お問合せ

「うちは無名だから」は命取り。1日千回のWebサイト攻撃

はじめに:平和な朝を襲った「1,000回の警報」

「まさか、うちのような地方の小さな事務所が狙われるはずがない」

多くの経営者様は、そう思っているのではないでしょうか。

政府機関でもない、上場企業でもない。ただの個人の経営コンサルタントのサイトです。盗まれて困る国家機密があるわけでもない。

「狙われるとしても、せいぜいブログ記事をパクられるくらいだろう」

私も、昨日までは本気でそう思っていました。

しかし、その油断はデータによって無残に打ち砕かれました。

私のWebサイトの裏側(アクセスログ)を確認したとき、そこには背筋が凍るような記録が残っていたのです。

「1日あたり、1,000回以上の不正アクセス」

深夜から早朝にかけて、私のサイトの管理画面をこじ開けようとする何者かの足跡が、秒単位で記録されていました。
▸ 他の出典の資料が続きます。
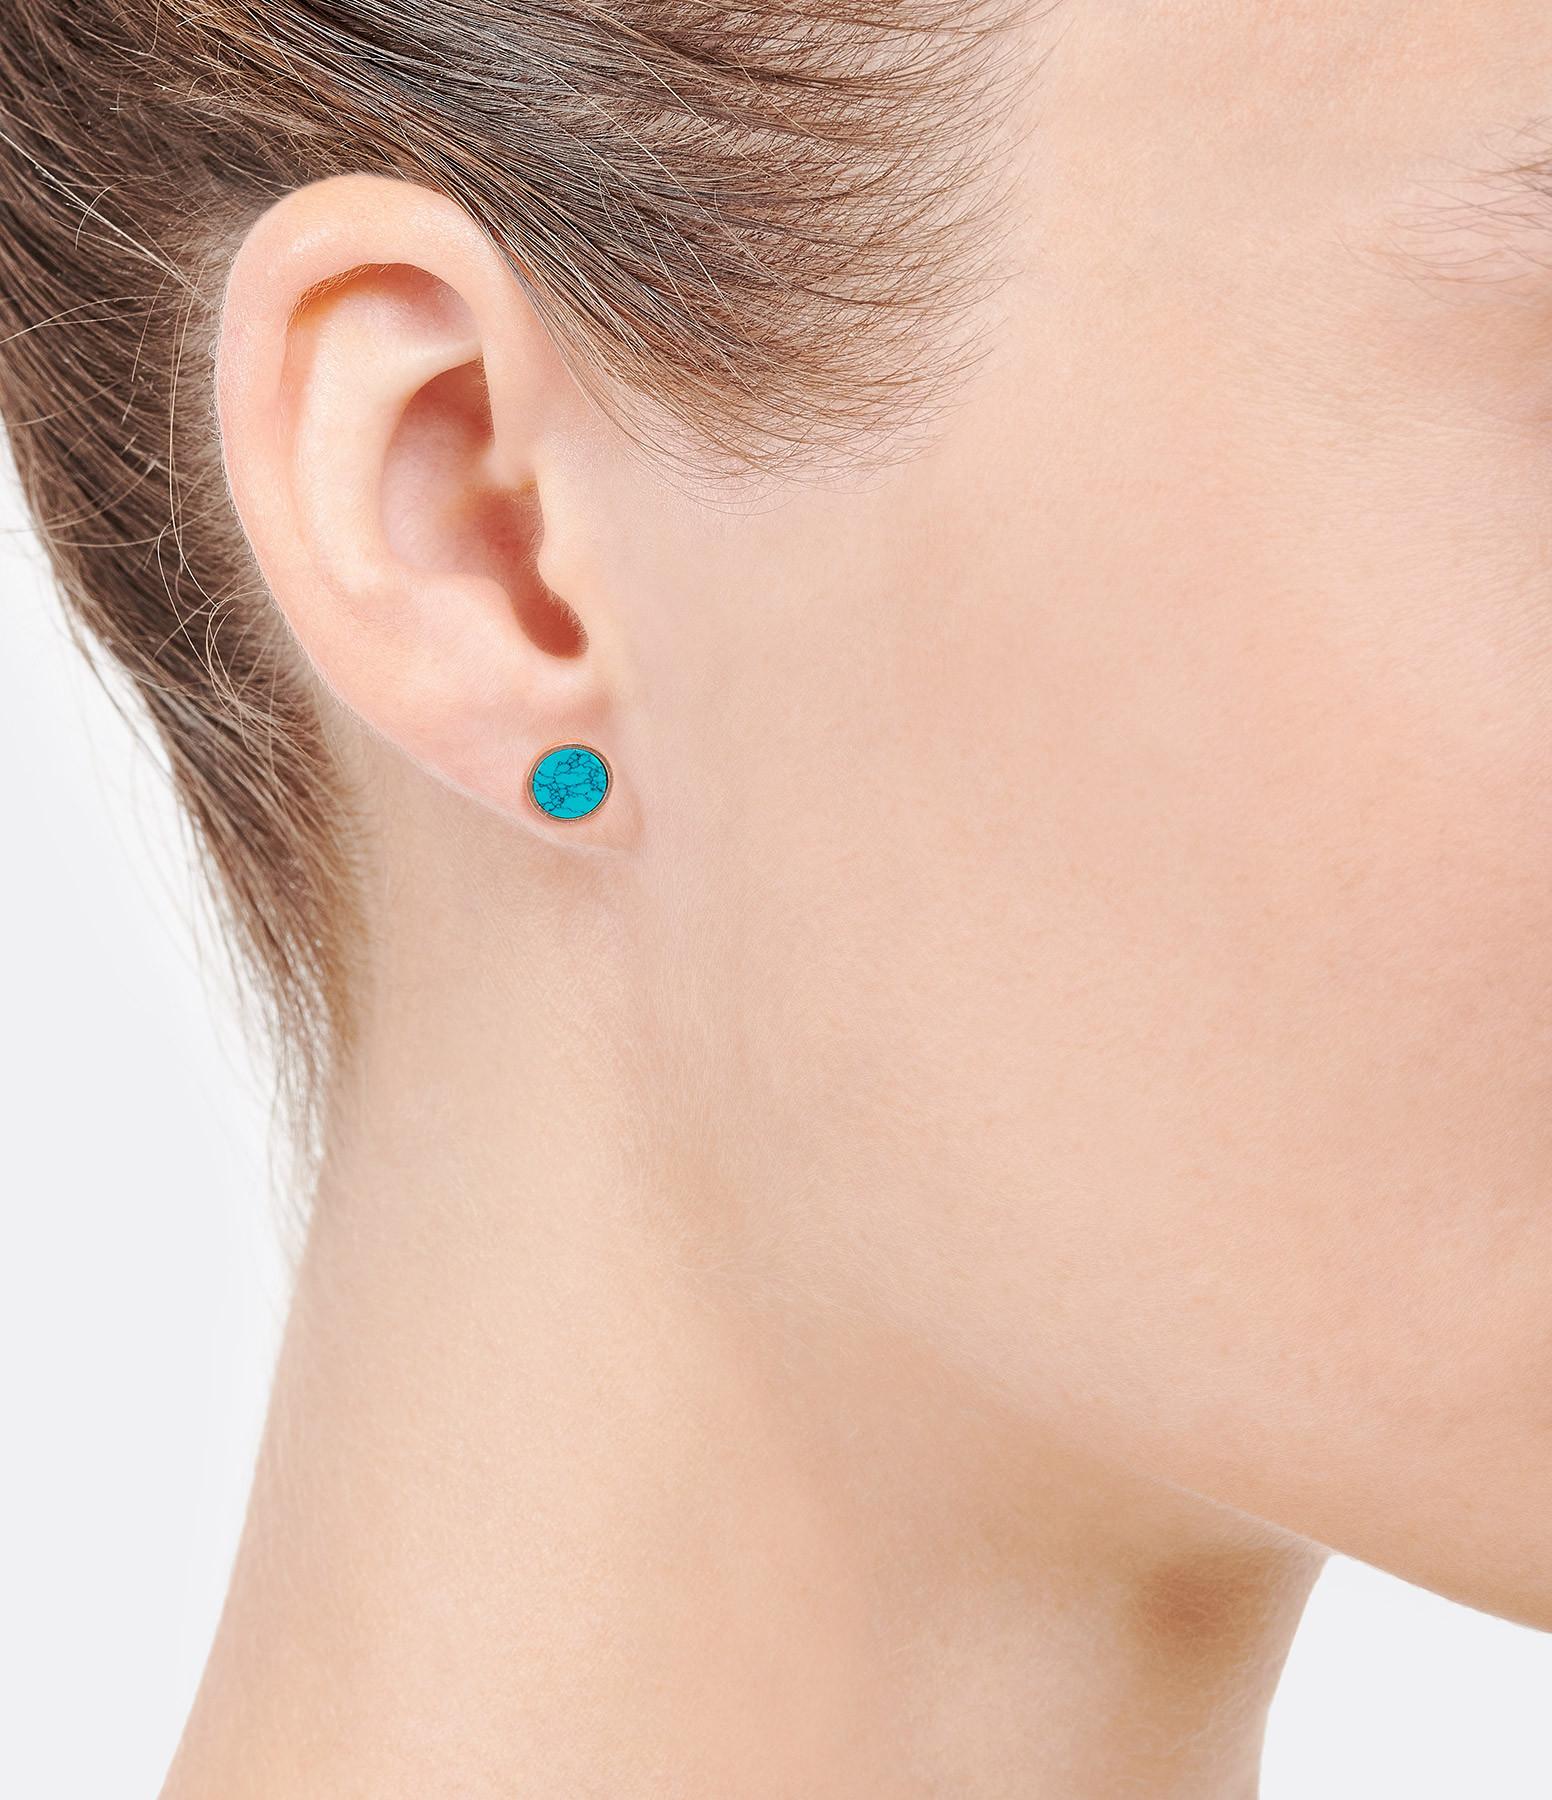 GINETTE NY - Boucle d'oreille Ever Disc Or Rose Turquoise (vendue à l'unité)

しかも、ただの「閲覧」ではありません。彼らは明確な殺意を持って、私のサイトの心臓部を狙っていたのです。

今日は、私が体験した**「サイバー攻撃のリアル」と、そこから中小企業が学ぶべき「たった一つの生存戦略」**についてお話しします。

「衝撃の事実。1000件以上の攻撃。アクセスの9割以上が海外からの攻撃でした。」

 

「実際の攻撃ログ。存在しないウイルスファイルを執拗に探しているのが分かります。

 


第1章:それは「万引き」ではなく「強盗」だった

私が当初犯していた最大の勘違い。

それは、「彼らは私のノウハウ記事を読みたくて(コピーしたくて)来ている」と思っていたことでした。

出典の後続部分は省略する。